I'm Bosco — I'm a HR and talent consultant with over 40 years of experience helping companies find the right people and solve the HR challenges that come with it.
It usually starts with a form. A line manager fills it out, HR takes it at face value, and the search begins — without anyone sitting down to ask what's really needed. CVs arrive, interviews are arranged, and a hire is made. Three months later, it doesn't work out. The real cost isn't the fee. It's the lost time, the disrupted team, and the slow realisation that the brief was never quite right to begin with. HR managers are stretched — handling payroll, compliance, employee relations, and more. Deep recruitment work, the kind that requires real conversation and careful listening, rarely gets the time it deserves. That's the gap I fill — and I fill it before the search begins.
Before I search for anyone, I build a complete picture of what you actually need. I start with the job description — but I don't stop there. I ask questions, clarify the specification, and where possible, speak with the reporting manager to understand their leadership style and working preferences. I also take time to understand the company culture, so I can speak to candidates not as an outsider reading from a brief, but as someone who genuinely knows the organisation. Most hiring mismatches aren't skill problems — they're fit problems that could have been caught at this stage.
With a clear picture in hand, I go to market — but searching is only half of this step. The real world doesn't always match the brief, and this is where my role as a consultant matters most. I may find the right candidate, only to discover they're hesitant about a lesser-known employer, or that the salary on offer doesn't reflect current market expectations. When that happens, I don't just report back — I bring market intelligence. I sit down with you to review what the search has revealed: whether the compensation needs adjusting, whether expectations need to be recalibrated, or whether the offer needs to be structured differently to attract the right person. Finding a candidate is rarely straightforward. There are disconnects, and my job is to surface them early and help you navigate them — not leave you to discover them at the offer stage.
Once the shortlist is ready, I don't simply send CVs and step back.

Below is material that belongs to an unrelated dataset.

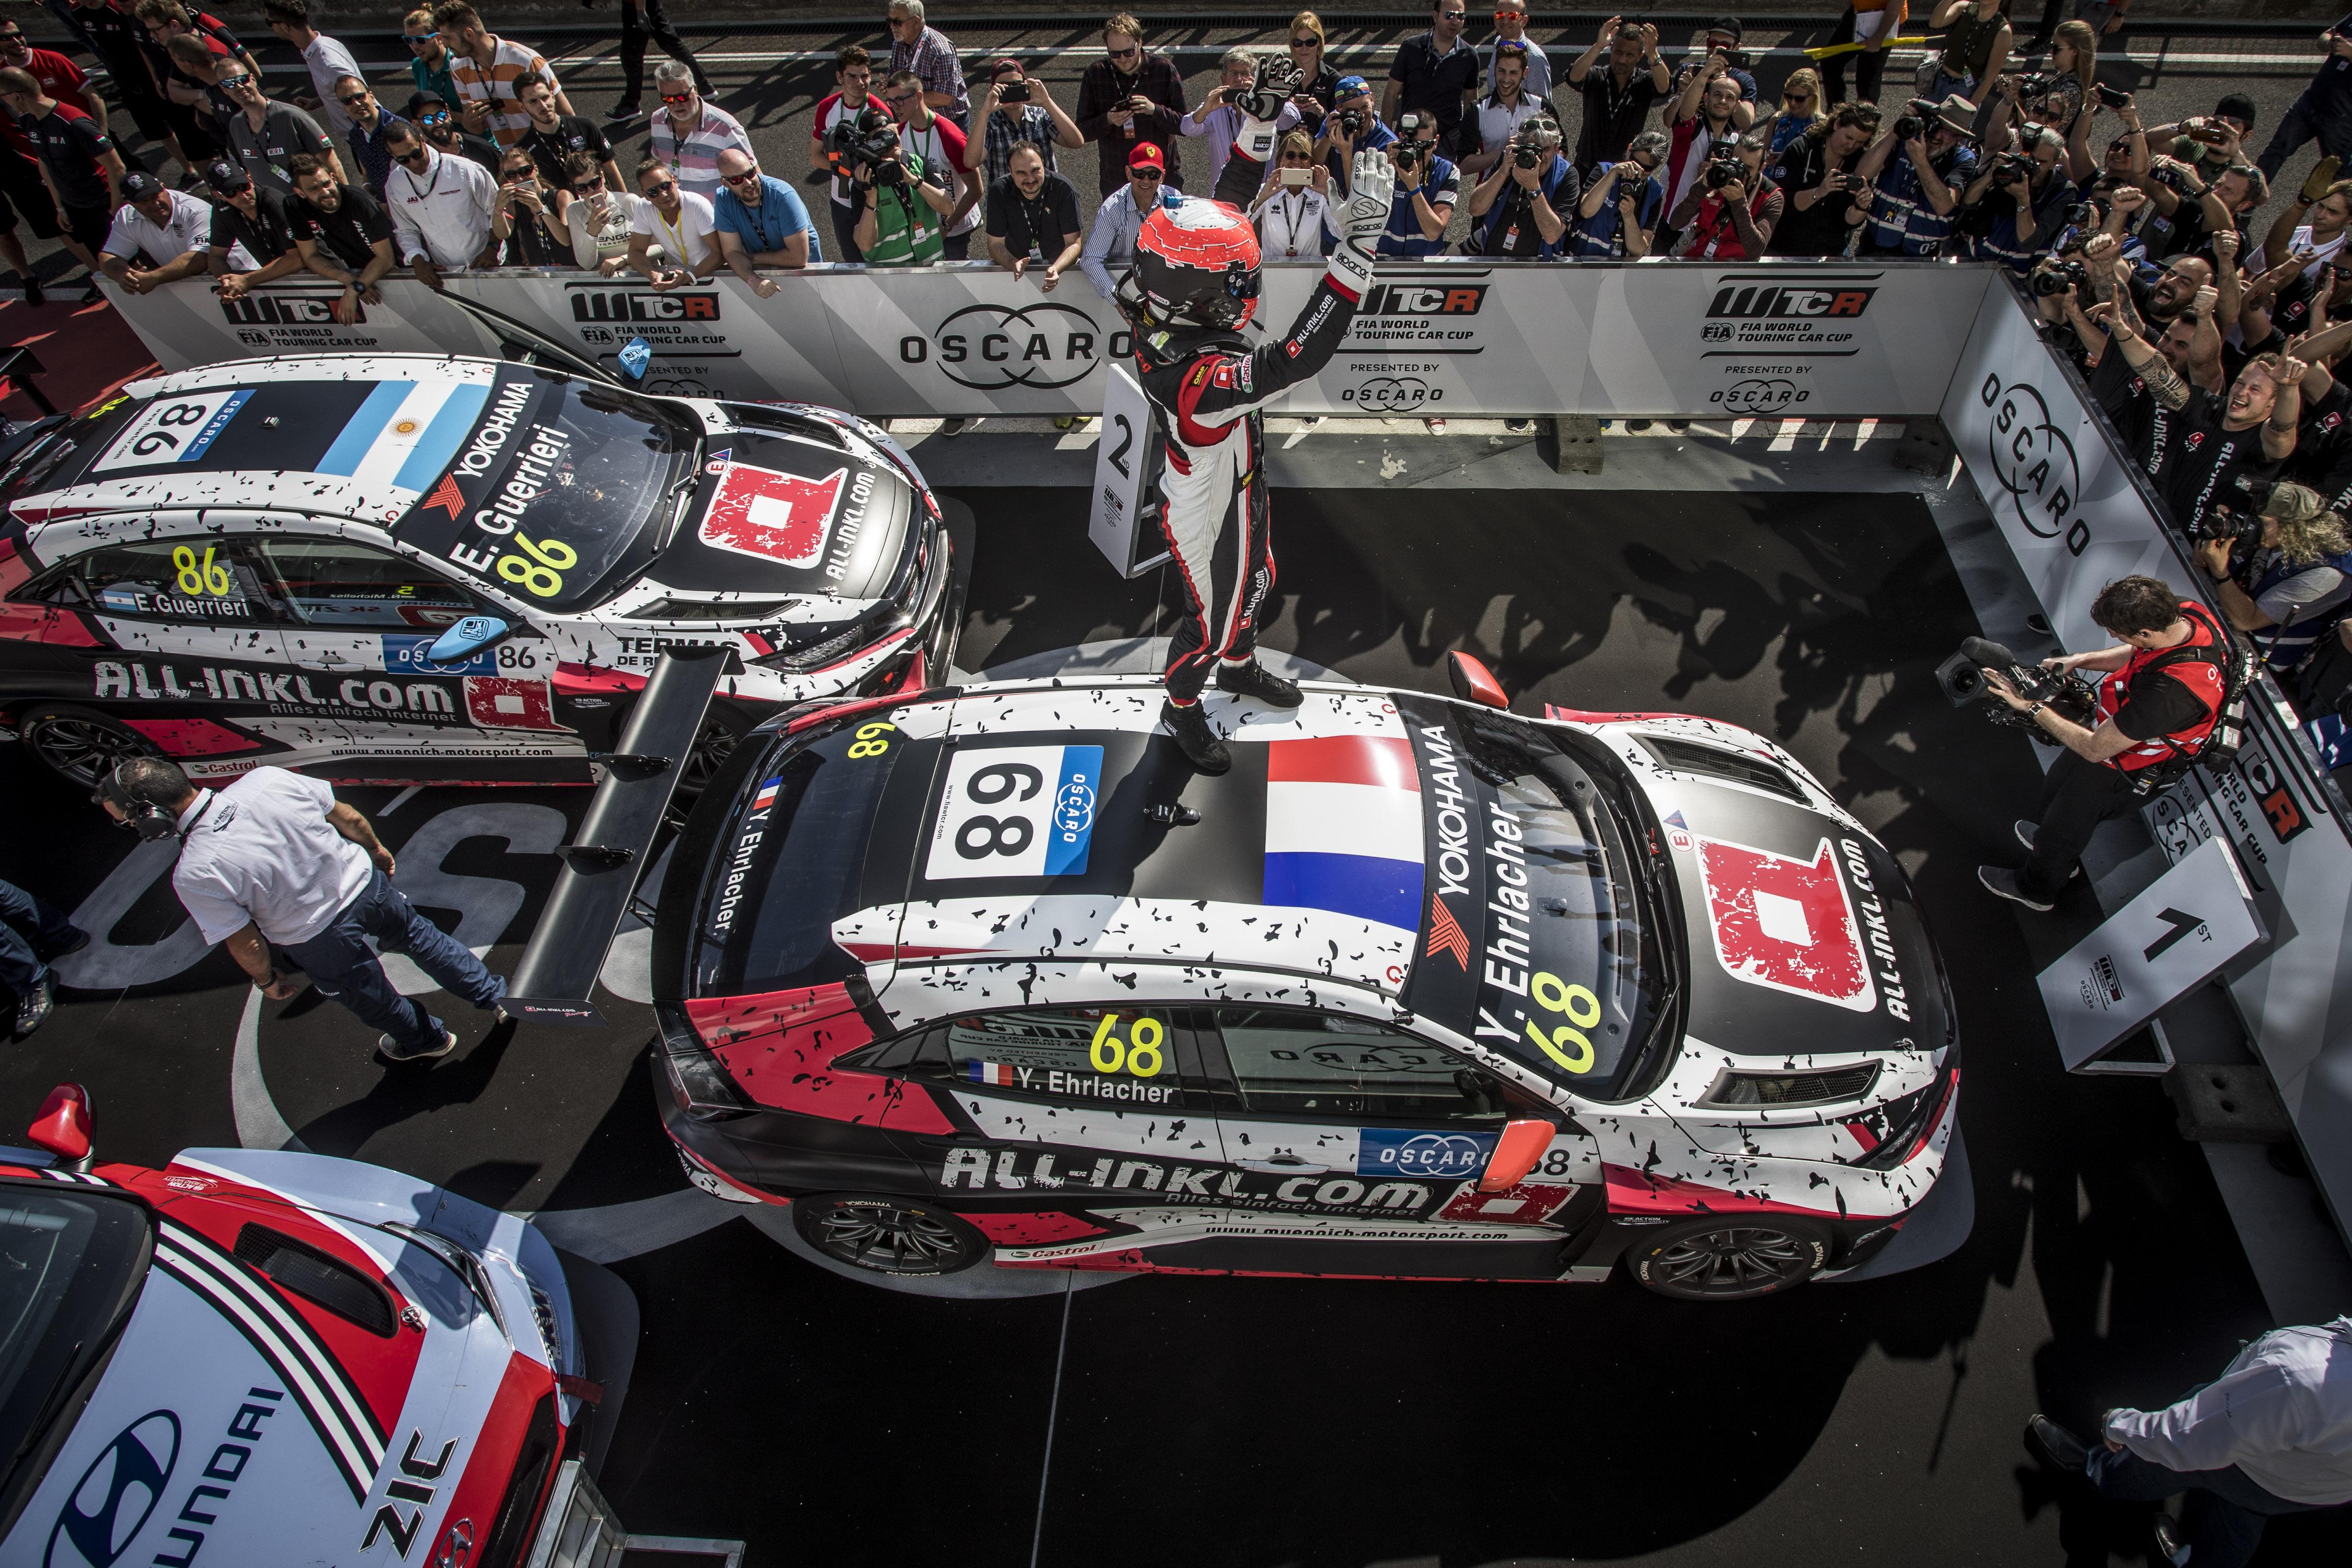 WTCR race recap: #2 Hungary

I speak with each candidate first — assessing fit, motivations, and readiness — and present them to you with a structured summary that fills in what a resume alone cannot tell you. I stay close to the interview process, helping both sides understand each other and bridging gaps on salary or expectations where needed. My involvement doesn't end at the offer. During the guarantee period, I check in to ensure the candidate has settled in and is delivering — because a placement that doesn't last isn't a success.
I started my HR career in 1981 — in banking, corporate Malaysia, and eventually running my own consultancy. I've sat on both sides of the hiring table. I know what good looks like, what red flags feel like, and what questions to ask that most recruiters never think to ask.
When you tell me you need a Sales Manager, my first question isn't "what's the budget?" — it's "why is this role open, and what happened before?" That difference in approach is what separates a placement that sticks from one that doesn't.
I work with a small number of clients at a time. When you engage CHRS, you work directly with me and not a team member who has never met you. Your assignment gets my full attention, my full experience, and my full judgment.
I've placed candidates and advised companies across industries, and professional services . Markets evolve, and I don't claim to have all the answers — but I understand how hiring works: the cultural dynamics, the candidate behaviour, and what it takes to make a placement stick .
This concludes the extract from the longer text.